Australia has launched its first national quantum strategy with the aim of becoming a global player in quantum technologies by the end of the decade. Released by the Department of Industry, Science and Resources, the A$1bn initiative aims to boost Australia’s economy, protect the country’s national security and prevent a brain drain of top people heading abroad.

The strategy has five central “themes” to boost quantum technologies, including investing in research, securing access to infrastructure, and growing a skilled workforce. It also focuses on three main categories of quantum technology, namely computing, communication and sensing. Quantum sensors could, for example, be useful by Australia’s mining industry to locate mineral deposits.

The quantum strategy also aims to ensure the country does not lose out in the talent race. Australia already has a thriving quantum community, including four nation-wide quantum-focused research centres of excellence. Companies such as Microsoft have also poured millions of dollars into quantum engineering research at the University of Sydney, while several quantum startups have been founded, the oldest of which is cybersecurity firm QuintessenceLabs.

Australia now joins other leaders in quantum technology, including China, the EU, the UK and the US, in having its own formal quantum strategy. Australia’s Commonwealth Scientific and Industrial Research Organisation projects that the country’s quantum industry could be worth A$4.6bn by the end of the decade and may employ as many people by 2045 as the oil and gas sector does today.

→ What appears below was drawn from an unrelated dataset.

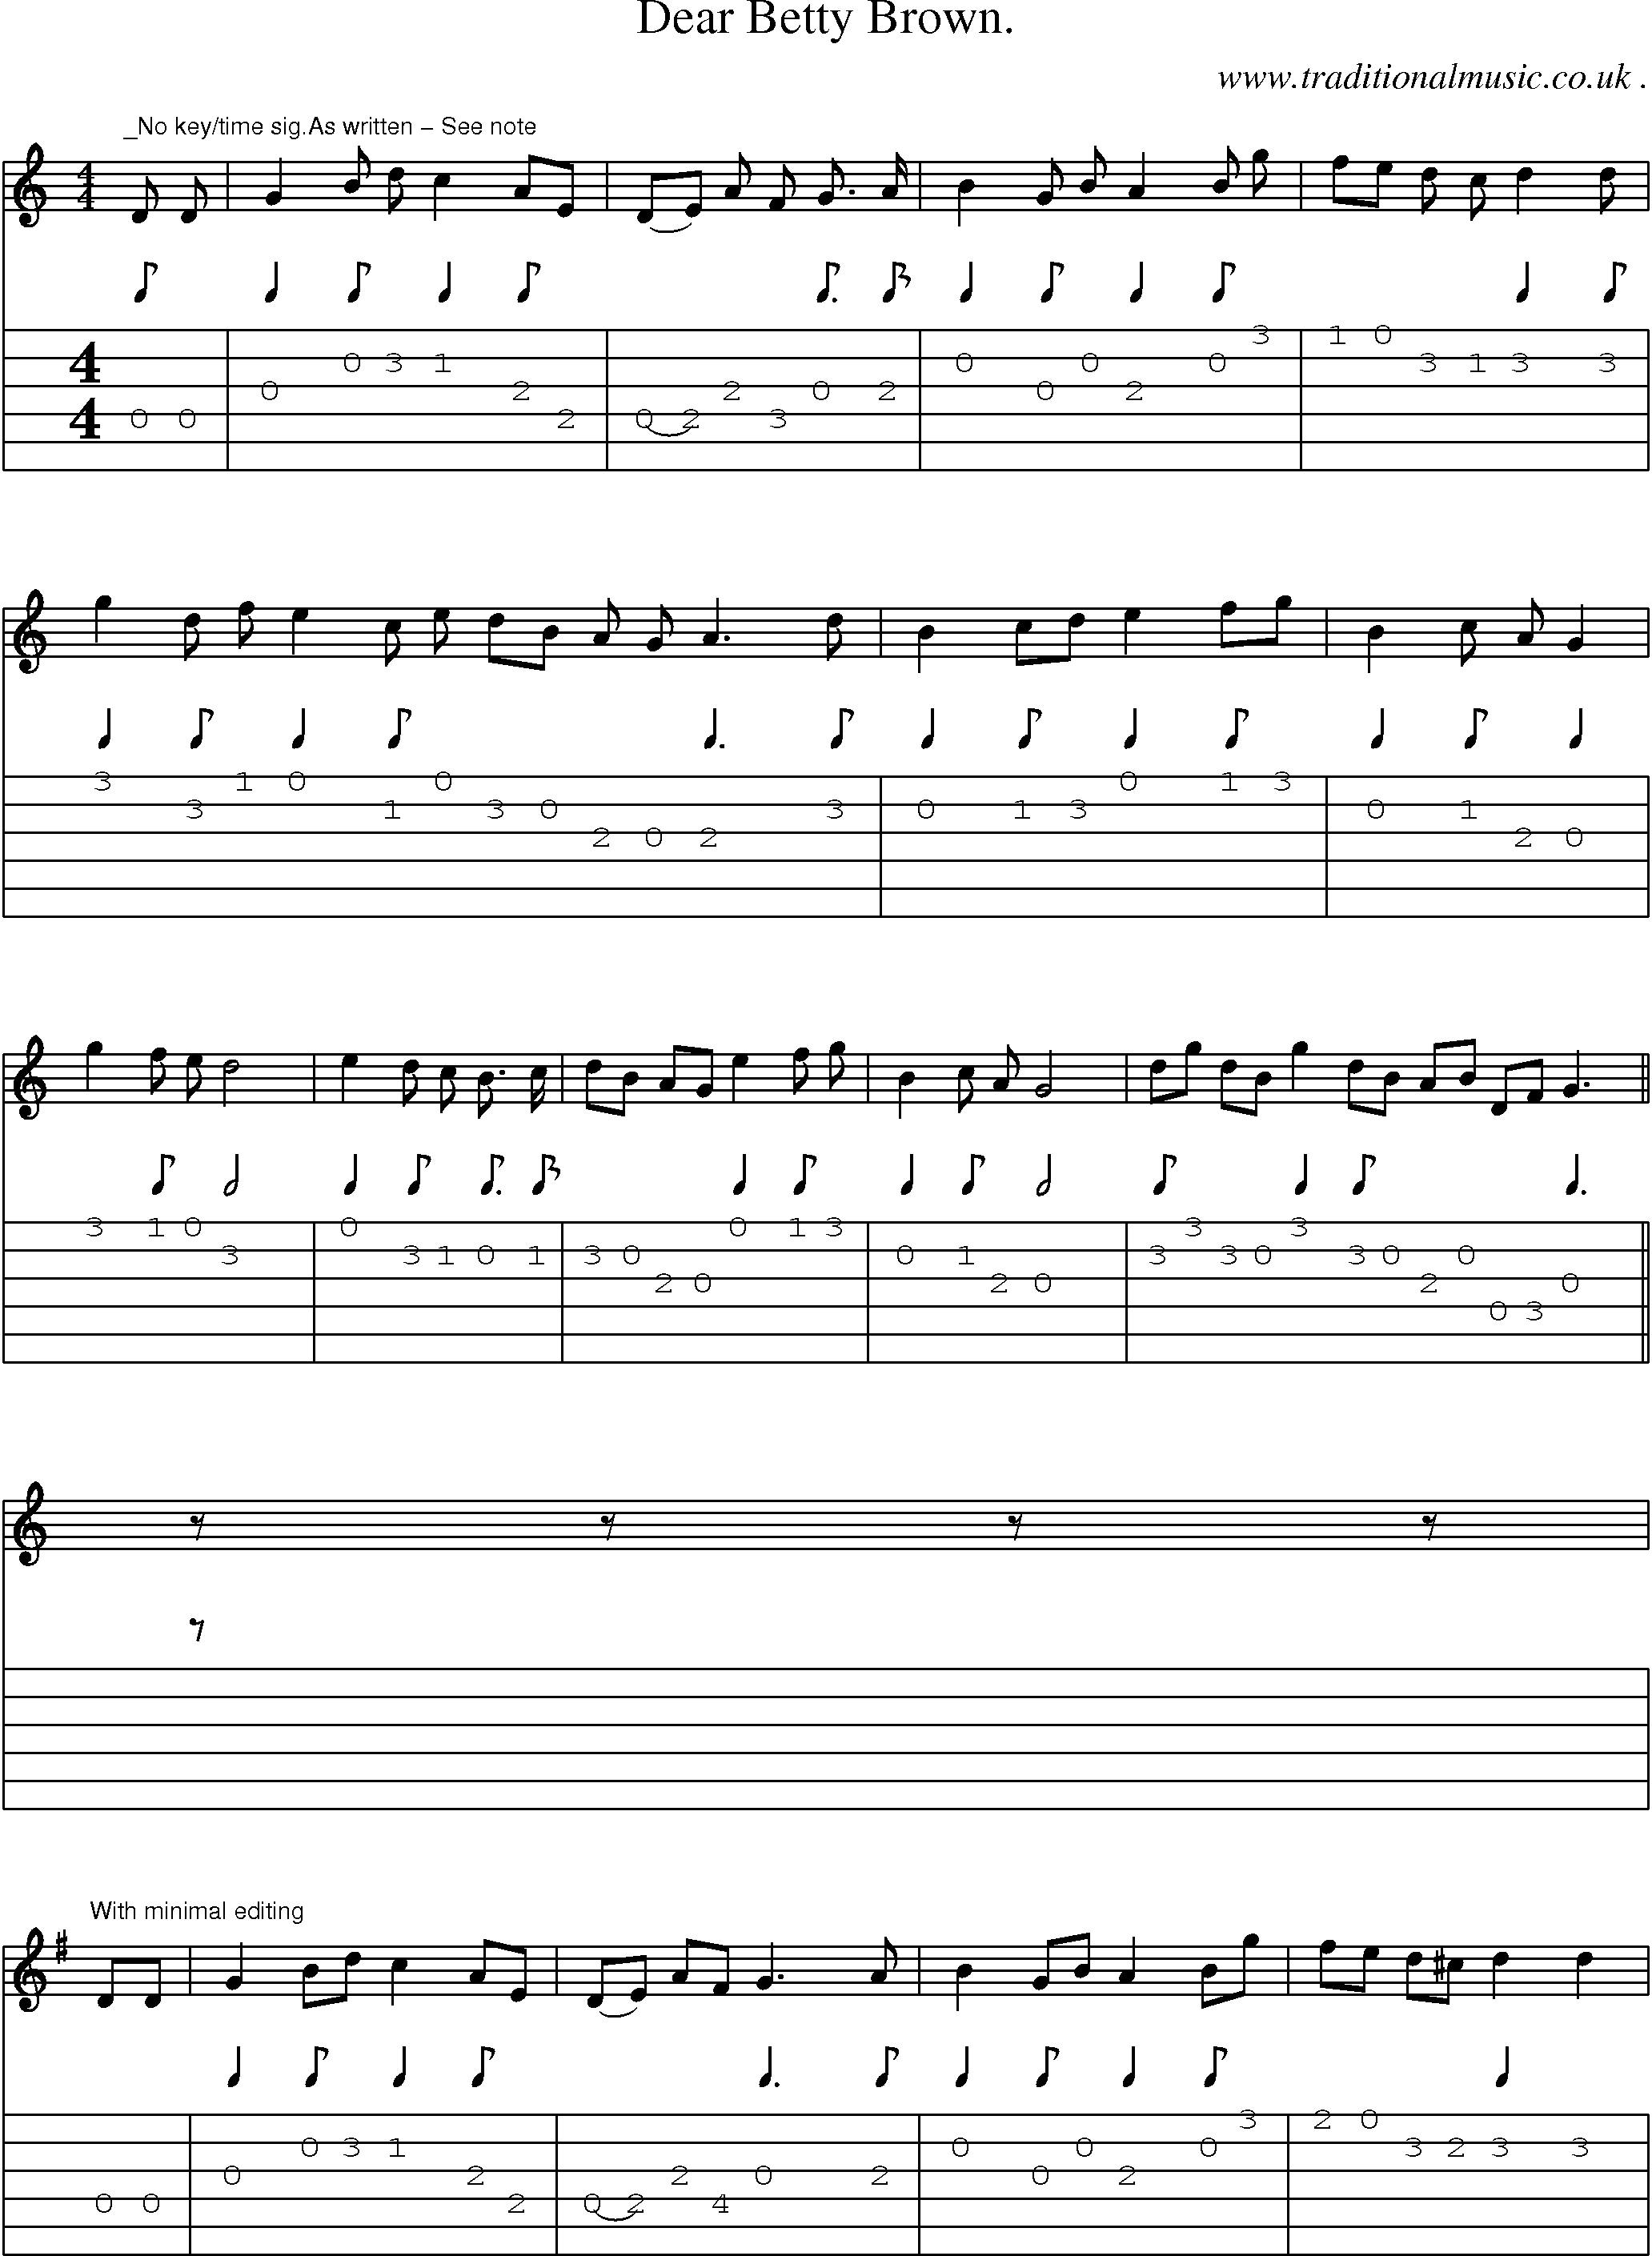 Sheet-Music and Guitar Tabs for Dear Betty Brown

“We are in the top handful of countries embarking on a quantum ambition,” says Australia’s chief scientist, the physicist Cathy Foley. But we have to act now, as there is intense global attention on the promise of quantum.” Foley believes the strategy will let Australia grow a thriving deep‑tech industry, built out of co-ordinated, long‑term government investment and a critical mass of world‑class Australian‑trained quantum specialists”.